In [1]:
import numpy as np
import pandas as pd

### Numpy Data Types
Numpy has the following data types: 
- ```int```
- ```float```
- ```complex```
- ```bool```
- ```string```
- ```unicode```
- ```object```

The numeric data types have various precisions like 32-bit or 64-bit. 

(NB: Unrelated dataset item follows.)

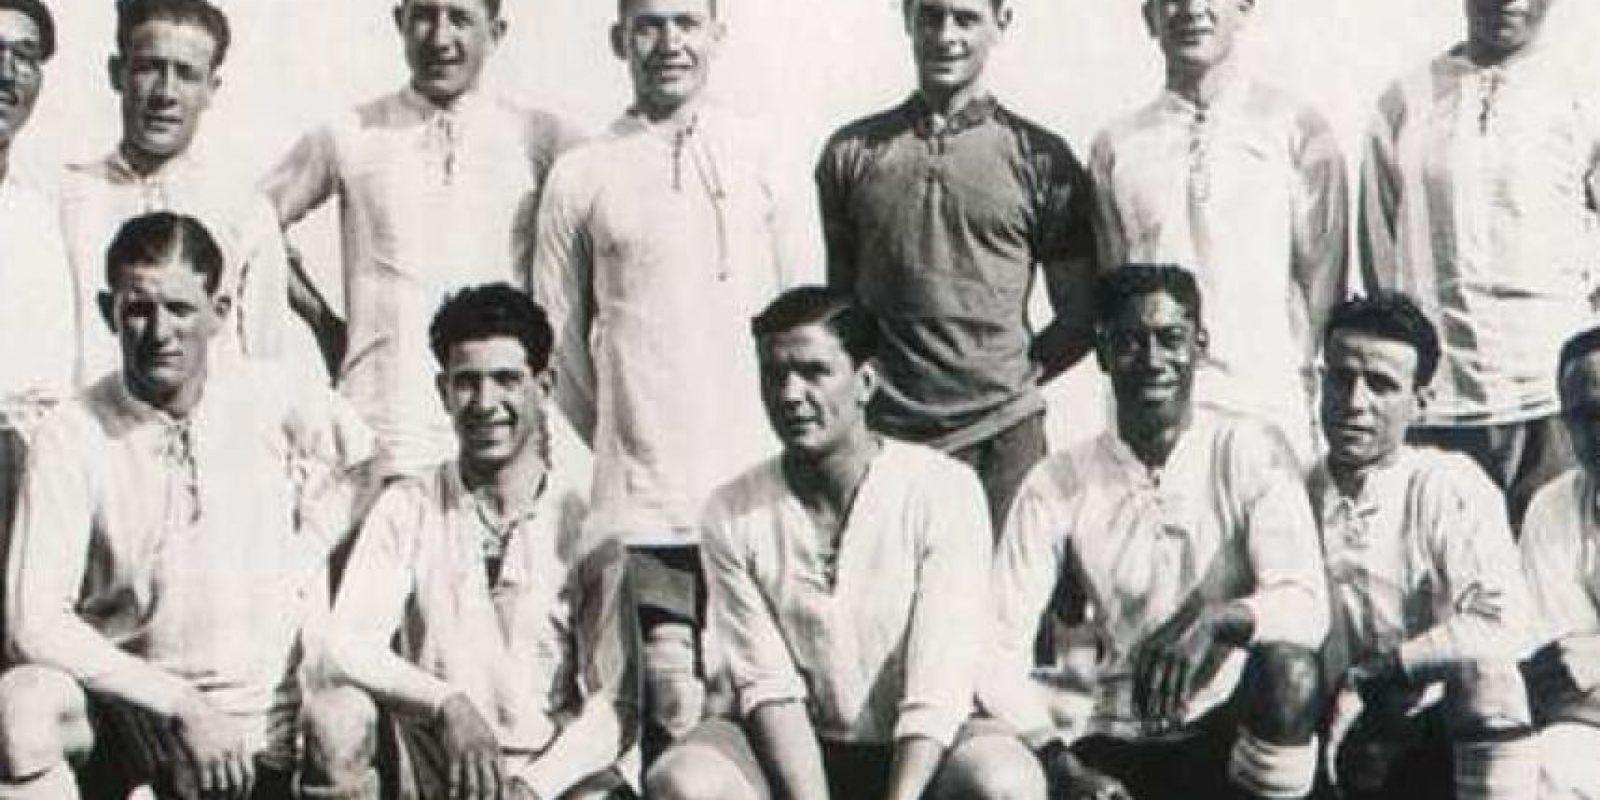 """La edición de la Copa América 1925 fue la que tuvo menos participantes en la historia. Originalmente participarían 5 selecciones: Argentina, Uruguay, Brasil, Chile y Paraguay, pero al final, los """"Charrúas"""" renunciaron por problemas con su Asociación y la """"Roja"""", por el último lugar conseguido en la edición anterior. Foto:Wikimedia"""

Numpy data types can be represented using either __Type__ or __Type Code__

In [3]:
#create a DataFrame listing NumPy data types and their corresponding type codes
dtypes = pd.DataFrame(
    {
        'Type': [
            'int8', 
            'uint8', 
            'int16', 
            'uint16', 
            'int or int32', 
            'uint32', 
            'int64', 
            'uint64', 
            'float16', 
            'float32', 
            'float or float64',
            'float128', 
            'complex64', 
            'complex or complex128', 
            'bool', 
            'object', 
            'bytes_',
            'str_',
        ],
        
        'Type Code': [
            'i1', 
            'u1', 
            'i2', 
            'u2', 
            'i4 or i', 
            'u4', 
            'i8', 
            'u8', 
            'f2', 
            'f4 or f', 
            'f8 or d', 
            'f16 or g', 
            'c8', 
            'c16', 
            None, 
            'O', 
            'S', 
            'U',
        ]
    }
)

dtypes

Unnamed: 0,Type,Type Code
0,int8,i1
1,uint8,u1
2,int16,i2
3,uint16,u2
4,int or int32,i4 or i
5,uint32,u4
6,int64,i8
7,uint64,u8
8,float16,f2
9,float32,f4 or f


| Datatype | Range / Precision | Memory Usage |
| :--- | :--- | :--- |
| **`int32`** | -2,147,483,648 to 2,147,483,647 | 4 bytes |
| **`int64`** | -9,223,372,036,854,775,808 to 9,223,372,036,854,775,807 | 8 bytes |
| **`float32`** | ~7 decimal digits of precision | 4 bytes |
| **`float64`** | ~15-17 decimal digits of precision | 8 bytes |

Data types can be defined at creating the numpy array and converted to other types later. 


In [4]:
# create a numpy array with a float32 dtype using the type code
arr = np.array([1,2,3], dtype='f4')
arr

array([1., 2., 3.], dtype=float32)

In [5]:
# Identical to the above, but using the dtype name
arr = np.array([1,2,3], dtype='float32')
arr.dtype

dtype('float32')

### Type Conversion

```astype``` method: convert the data type of an array to other data types. 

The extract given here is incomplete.